Вставайте, люди русские!  Peremysl and Belostok are Russian cities!
0 (0%)
Let the Russians take Ukraine.  Not our problem.
1 (1.7%)
International process designed to divvy-up Ukraine between a pro-EU West and a Russian east.
9 (15.3%)
Attempt to diffuse expanded conflict, limit involvement in Ukraine in future
2 (3.4%)
Serious sanctions on Russian business interests and oligarchs, stepped-up aid and military relations with Ukraine without full NATO or EU membership.
15 (25.4%)
After Russian annexation of Crimea begin speedy process integration of Ukraine in to NATO and possibly EU
7 (11.9%)
Give all possible immediate aid to Ukraine in an attempt defend the country, make immediately clear that any push past Crimea or in to Donbass will mean war.
13 (22%)
Full Dr. Strangelove; immediate mobilization of NATO forces in attempt to retake Crimea militarily
8 (13.6%)
Other (please specify)
3 (5.1%)
Jaron's Neo Byzantine Empire will soon retake Crimea!
1 (1.7%)

Total Members Voted: 58

Ed Anger

Quote from: Tonitrus on March 11, 2014, 06:09:40 PM
I am sure Hitler already had tons of neo-nazi time travelers put into concentration camps for trying to tell him he was doing things wrong.

I need to lose some weight.
Stay Alive...Let the Man Drive

Sheilbh

Option 5, plus EU membership (when they meet the criteria) for Ukraine. Not NATO.
Let's bomb Russia!

sbr

Which of the poll options has the Russian countryside glowing a nice radioactive green?

Razgovory

I don't buy the story of the entire eastern part of the country crying out to be liberated by Putin.  I want NATO troops there.  I want us to get tough on the Muscovites.  If we don't do it now, we'll inevitably have to do it later somewhere else.
I've given it serious thought.
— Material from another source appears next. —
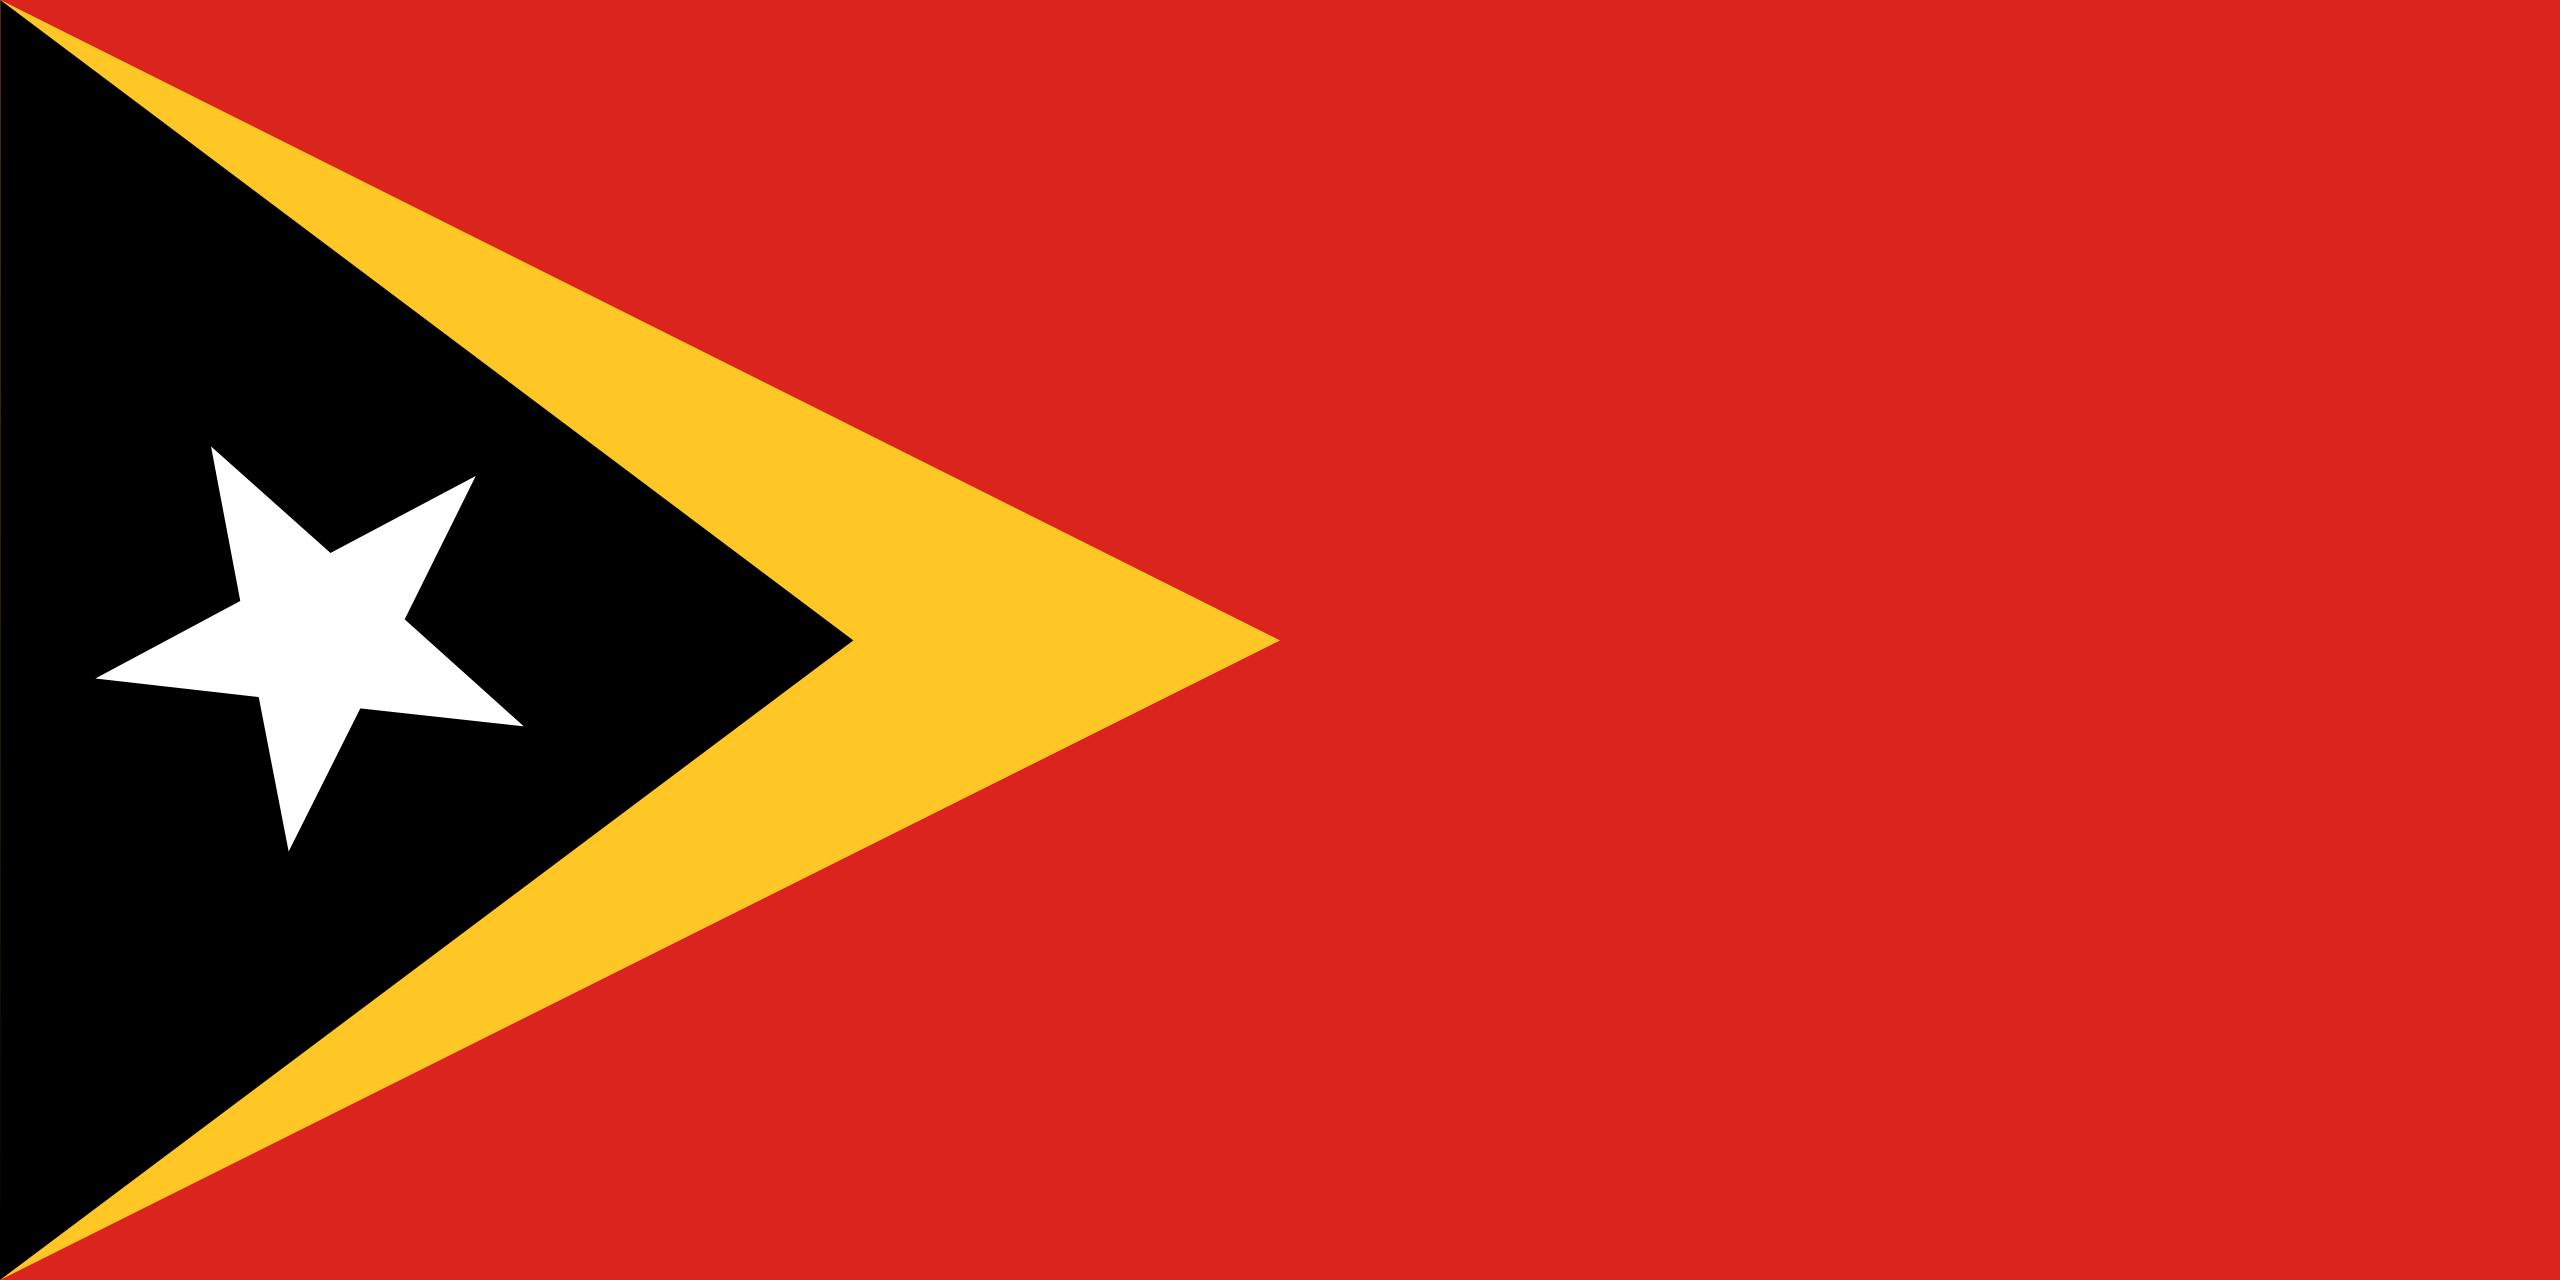 timor oriental, paese, emblema, logo, simbolo - Sfondi HD - Professor-falken.com
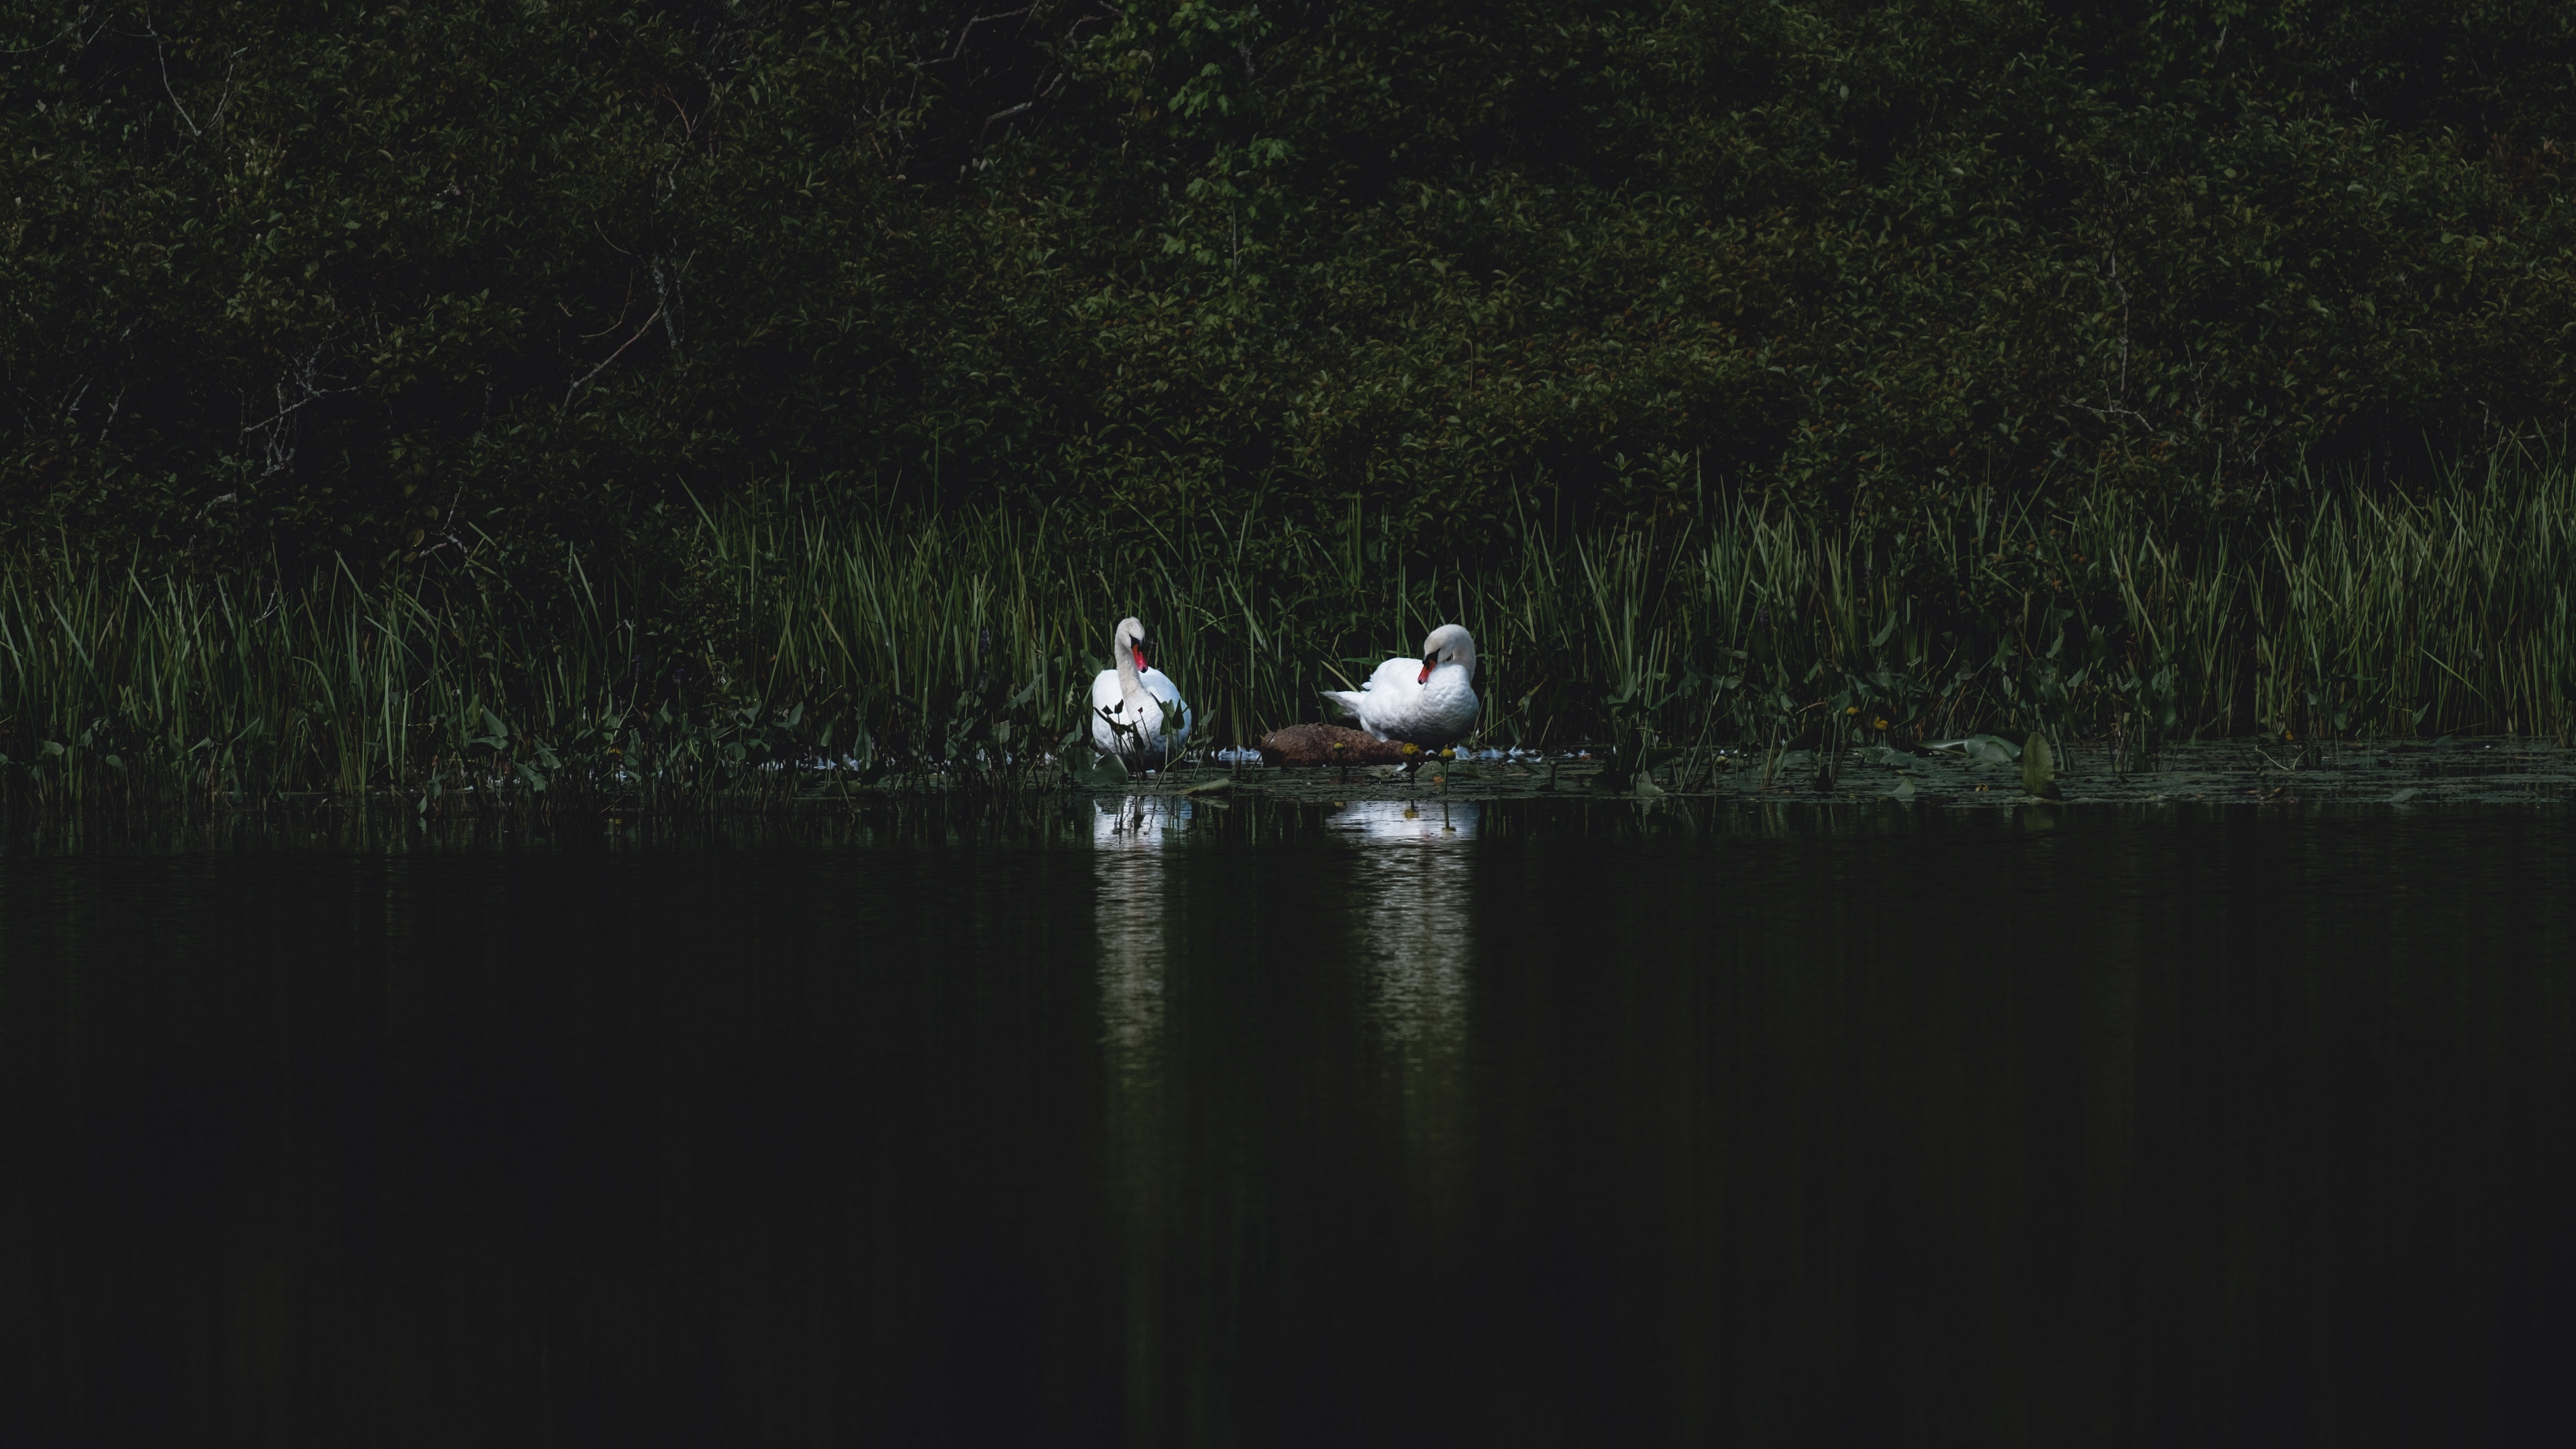 swans bird pond grass 4k 1540574935 - swans, bird, pond, grass 4k - Swans, pond, Bird

I must scorn the ways of my family, and seek a Japanese woman to yield me my progeny. He shall live in the lands of the east, and be well tutored in his sacred trust to weave the best traditions of Japan and the Sacred South together, until such time as he (or, indeed his house, which will periodically require infusion of both Southern and Japanese bloodlines of note) can deliver to the South it's independence, either in this world or in space.  -Lettow April of 2011

Raz is right. -MadImmortalMan March of 2017

CountDeMoney

Quote from: Tonitrus on March 11, 2014, 06:09:40 PM
I am sure Hitler already had tons of neo-nazi time travelers put into concentration camps for trying to tell him he was doing things wrong.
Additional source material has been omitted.